*AIM OF THE EXERCISE*
Whatever the records below say, write them all out exactly.

============================================================

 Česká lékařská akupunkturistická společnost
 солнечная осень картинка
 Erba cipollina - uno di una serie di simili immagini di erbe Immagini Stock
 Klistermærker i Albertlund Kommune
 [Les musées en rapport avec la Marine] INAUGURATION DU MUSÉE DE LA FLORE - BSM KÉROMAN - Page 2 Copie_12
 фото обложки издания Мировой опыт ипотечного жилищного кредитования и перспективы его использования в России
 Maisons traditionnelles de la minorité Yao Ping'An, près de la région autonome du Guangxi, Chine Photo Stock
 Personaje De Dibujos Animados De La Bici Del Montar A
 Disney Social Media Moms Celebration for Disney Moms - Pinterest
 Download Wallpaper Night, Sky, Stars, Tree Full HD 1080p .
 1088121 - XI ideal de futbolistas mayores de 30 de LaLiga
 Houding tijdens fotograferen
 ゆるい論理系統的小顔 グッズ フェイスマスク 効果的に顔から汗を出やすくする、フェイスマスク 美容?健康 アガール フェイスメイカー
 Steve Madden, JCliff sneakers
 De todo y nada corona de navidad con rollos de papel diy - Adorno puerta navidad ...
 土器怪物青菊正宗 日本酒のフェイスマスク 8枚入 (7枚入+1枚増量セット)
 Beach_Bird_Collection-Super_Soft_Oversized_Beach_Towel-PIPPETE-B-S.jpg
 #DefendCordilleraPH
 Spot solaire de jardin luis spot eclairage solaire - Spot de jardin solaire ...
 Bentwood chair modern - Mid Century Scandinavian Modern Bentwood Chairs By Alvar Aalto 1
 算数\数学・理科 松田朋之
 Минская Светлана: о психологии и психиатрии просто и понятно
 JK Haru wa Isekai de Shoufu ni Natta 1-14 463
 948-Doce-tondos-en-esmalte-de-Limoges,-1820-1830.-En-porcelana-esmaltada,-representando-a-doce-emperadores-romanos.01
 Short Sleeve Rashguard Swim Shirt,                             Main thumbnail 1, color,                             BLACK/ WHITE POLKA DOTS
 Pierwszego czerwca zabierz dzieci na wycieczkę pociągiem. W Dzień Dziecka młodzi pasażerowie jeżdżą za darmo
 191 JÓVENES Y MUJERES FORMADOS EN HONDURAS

============================================================

*ANSWER TO THIS EXERCISE*
 Česká lékařská akupunkturistická společnost
 солнечная осень картинка
 Erba cipollina - uno di una serie di simili immagini di erbe Immagini Stock
 Klistermærker i Albertlund Kommune
 [Les musées en rapport avec la Marine] INAUGURATION DU MUSÉE DE LA FLORE - BSM KÉROMAN - Page 2 Copie_12
 фото обложки издания Мировой опыт ипотечного жилищного кредитования и перспективы его использования в России
 Maisons traditionnelles de la minorité Yao Ping'An, près de la région autonome du Guangxi, Chine Photo Stock
 Personaje De Dibujos Animados De La Bici Del Montar A
 Disney Social Media Moms Celebration for Disney Moms - Pinterest
 Download Wallpaper Night, Sky, Stars, Tree Full HD 1080p .
 1088121 - XI ideal de futbolistas mayores de 30 de LaLiga
 Houding tijdens fotograferen
 ゆるい論理系統的小顔 グッズ フェイスマスク 効果的に顔から汗を出やすくする、フェイスマスク 美容?健康 アガール フェイスメイカー
 Steve Madden, JCliff sneakers
 De todo y nada corona de navidad con rollos de papel diy - Adorno puerta navidad ...
 土器怪物青菊正宗 日本酒のフェイスマスク 8枚入 (7枚入+1枚増量セット)
 Beach_Bird_Collection-Super_Soft_Oversized_Beach_Towel-PIPPETE-B-S.jpg
 #DefendCordilleraPH
 Spot solaire de jardin luis spot eclairage solaire - Spot de jardin solaire ...
 Bentwood chair modern - Mid Century Scandinavian Modern Bentwood Chairs By Alvar Aalto 1
 算数\数学・理科 松田朋之
 Минская Светлана: о психологии и психиатрии просто и понятно
 JK Haru wa Isekai de Shoufu ni Natta 1-14 463
 948-Doce-tondos-en-esmalte-de-Limoges,-1820-1830.-En-porcelana-esmaltada,-representando-a-doce-emperadores-romanos.01
 Short Sleeve Rashguard Swim Shirt,                             Main thumbnail 1, color,                             BLACK/ WHITE POLKA DOTS
 Pierwszego czerwca zabierz dzieci na wycieczkę pociągiem. W Dzień Dziecka młodzi pasażerowie jeżdżą za darmo
 191 JÓVENES Y MUJERES FORMADOS EN HONDURAS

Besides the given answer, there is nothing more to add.